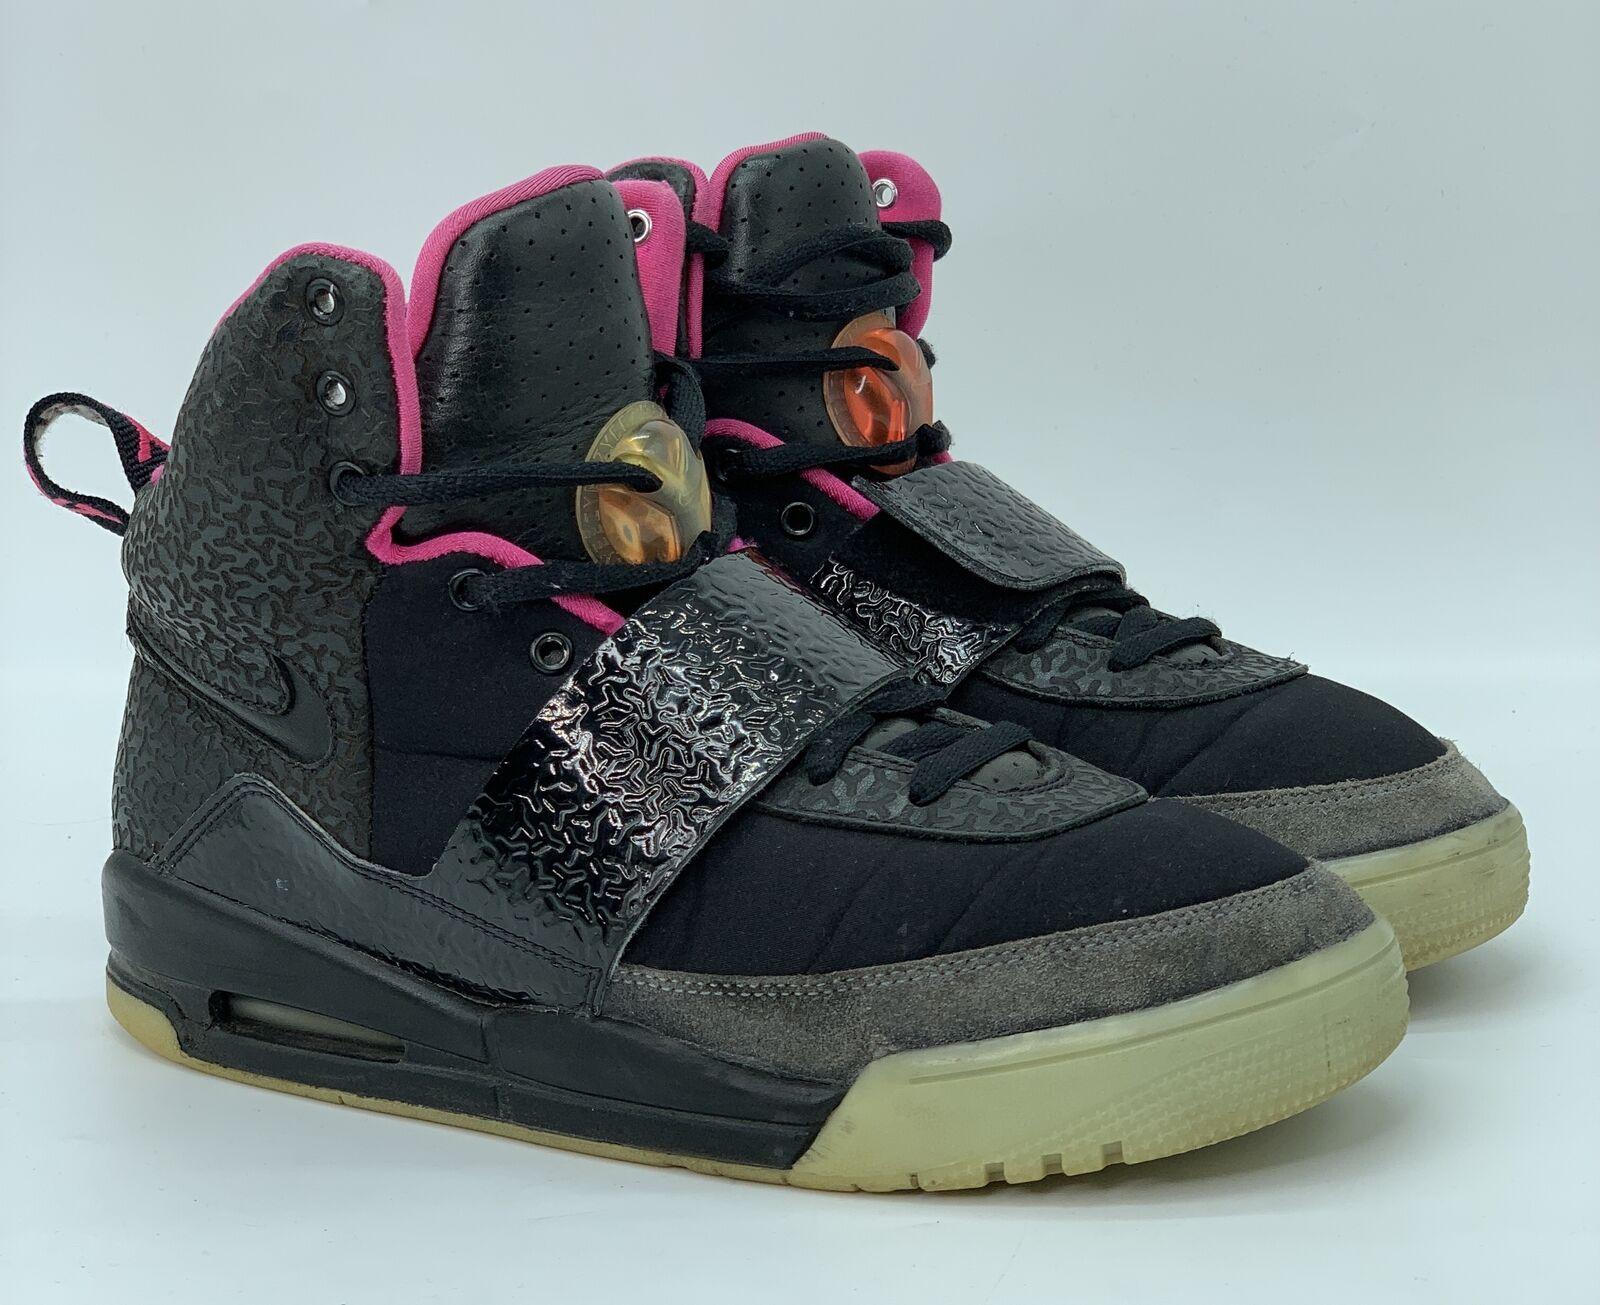 Nike Air Yeezy 1 Blink Black Noir Pink
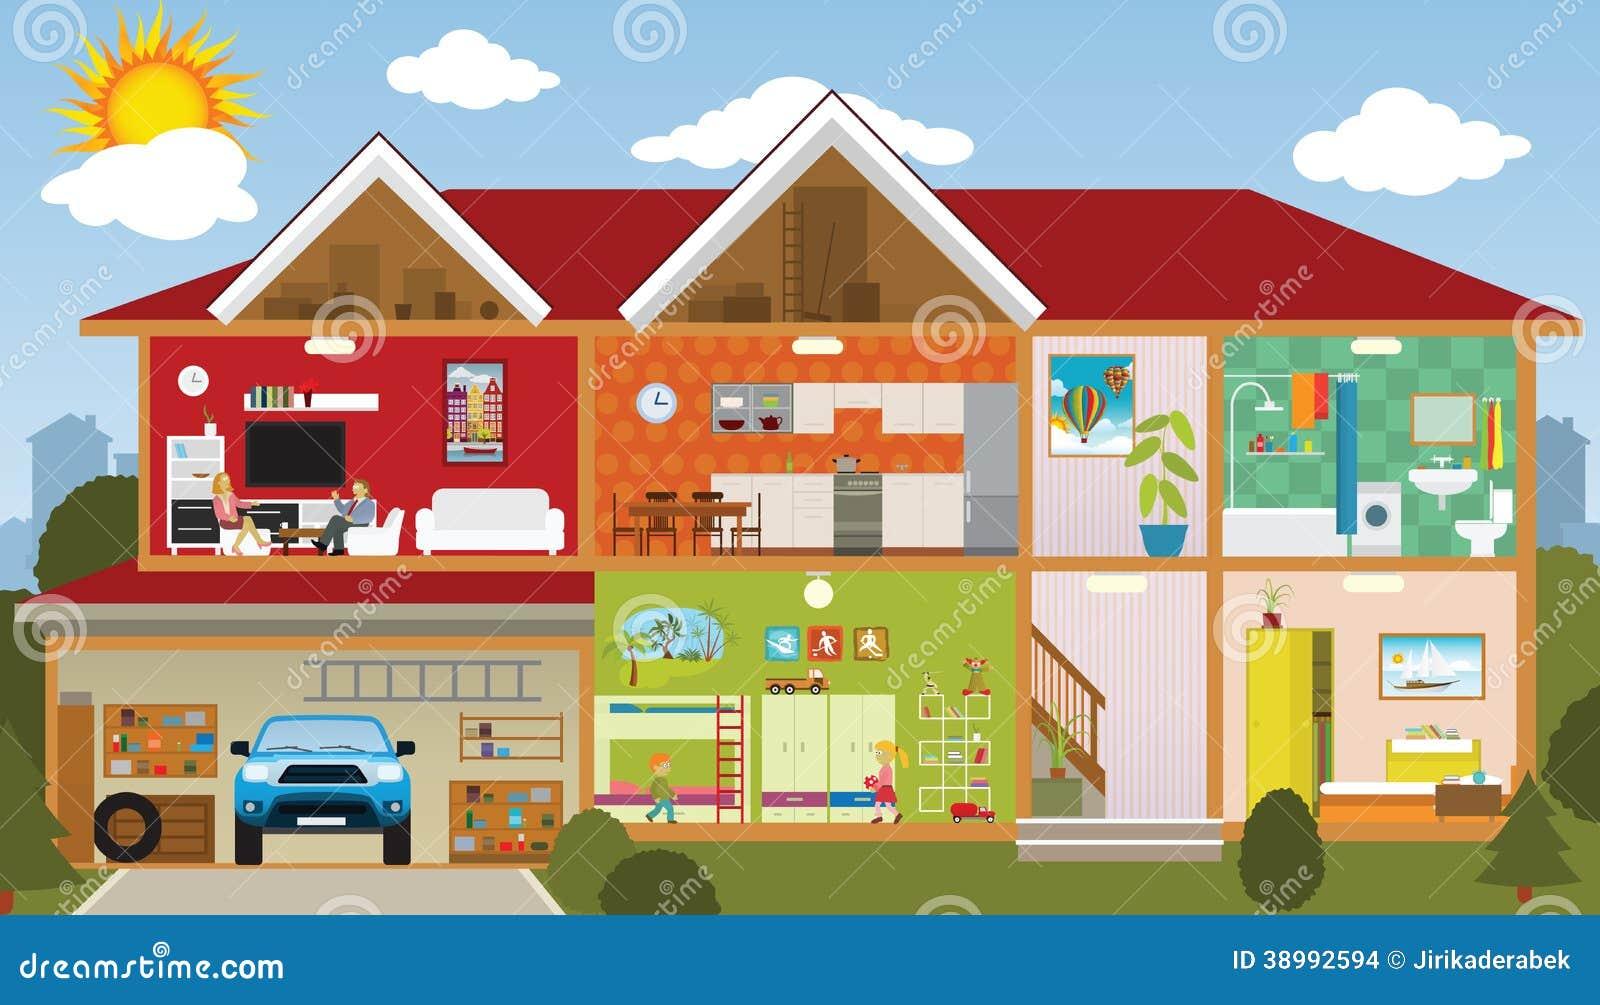 Dentro de la casa ilustraci n del vector imagen 38992594 for Parrilla para dentro de la casa
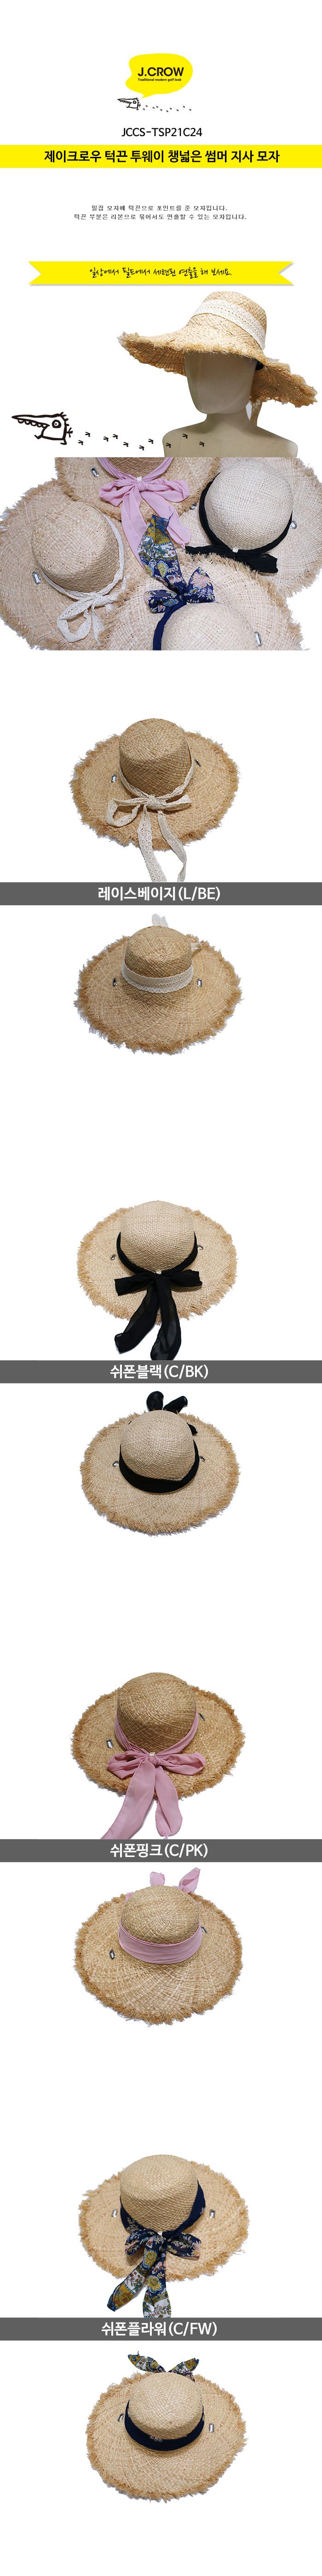 제이크로우 턱끈 투웨이 챙넓은 썸머 지사 모자 (JCCS-TSP21C24) 색상 설명
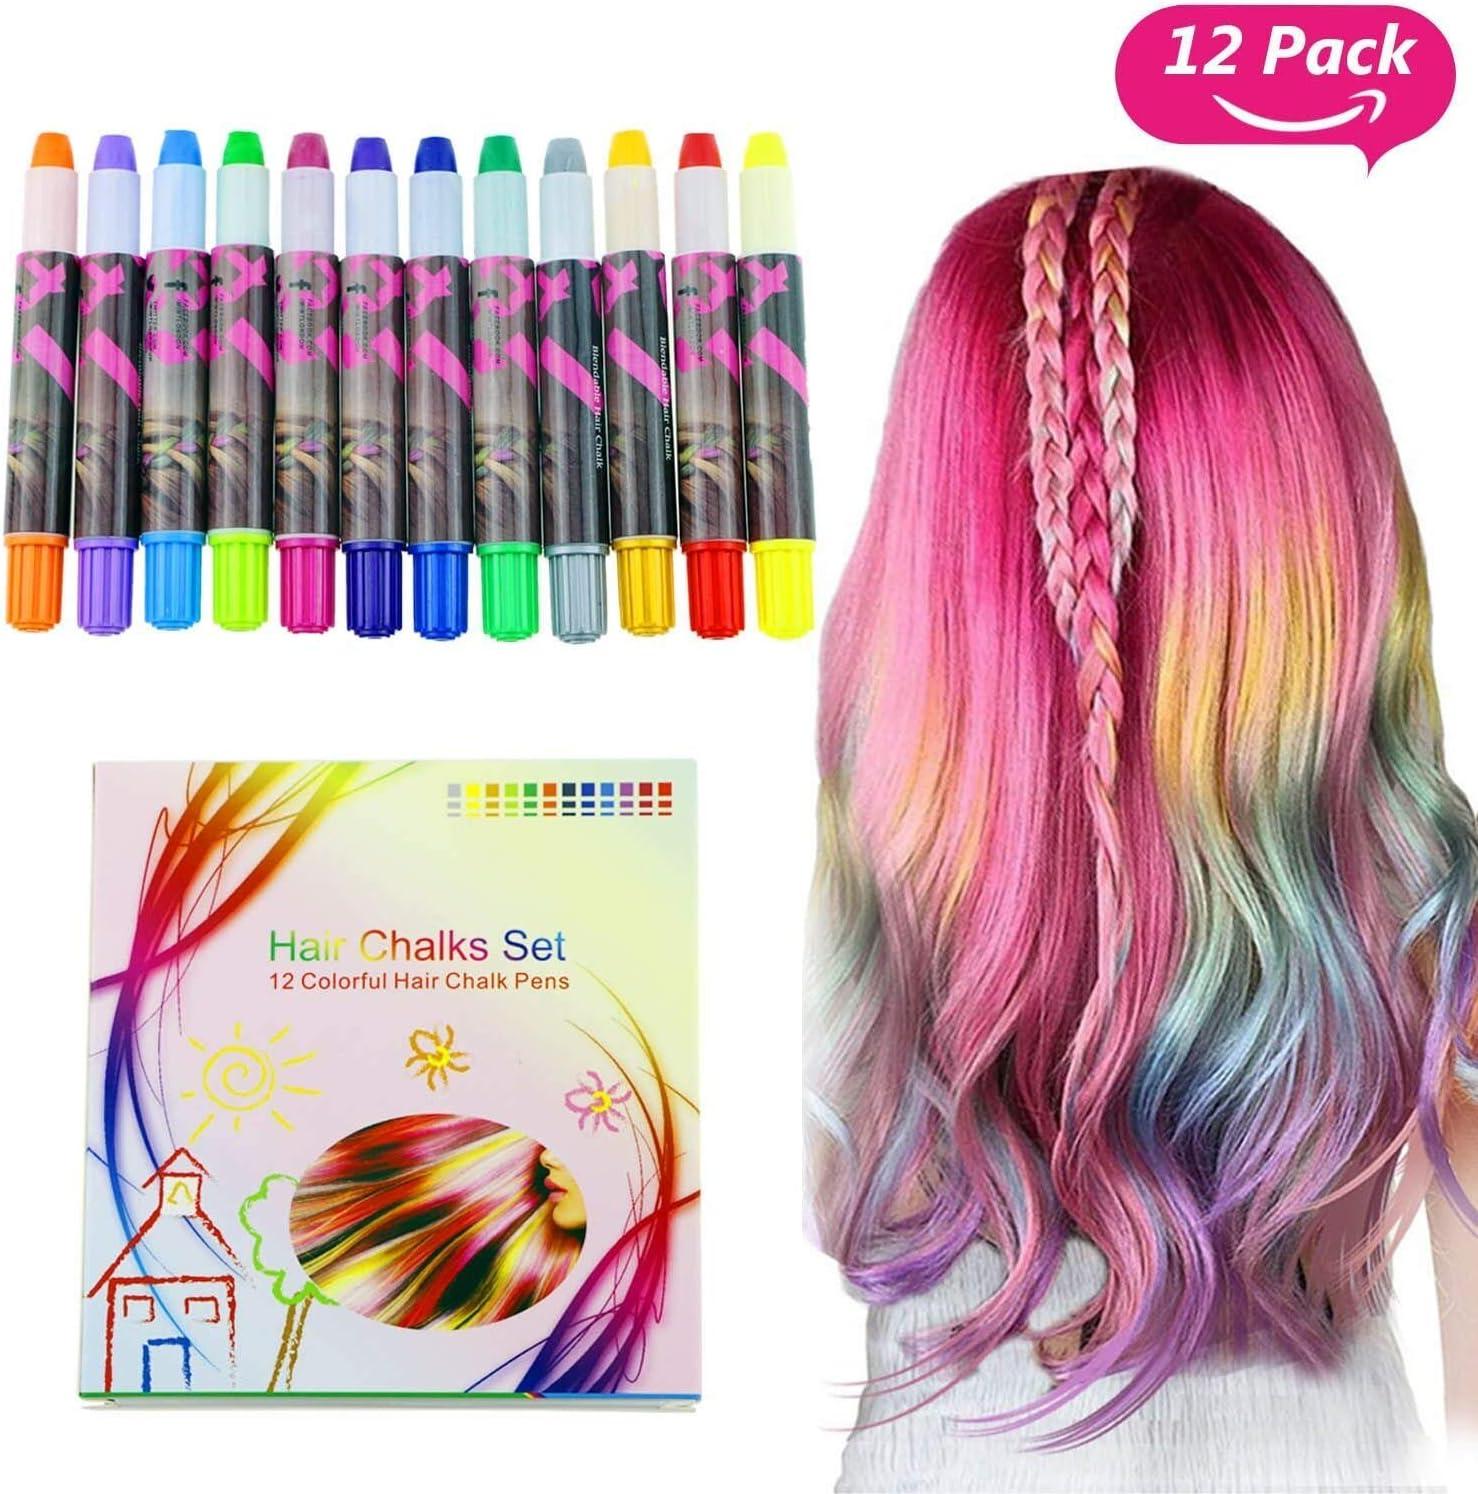 Buluri 12 colores Set de tiza para el cabello,Tinte para el cabello plumas de tiza profesionales para el cabello, plumas de tinte para el cabello - Funciona en todos los colores del cabello,Navidad

◇ ◇ ◇ ◇ ◇ ◇ ◇

The whole listing above is to be printed exactly; the pictures stay out.

■ Task answer
 Nike Air Yeezy 1 Blink Black Noir Pink
 Dentro de la casa ilustraci n del vector imagen 38992594 for Parrilla para dentro de la casa
 제이크로우 턱끈 투웨이 챙넓은 썸머 지사 모자 (JCCS-TSP21C24) 색상 설명
 Buluri 12 colores Set de tiza para el cabello,Tinte para el cabello plumas de tiza profesionales para el cabello, plumas de tinte para el cabello - Funciona en todos los colores del cabello,Navidad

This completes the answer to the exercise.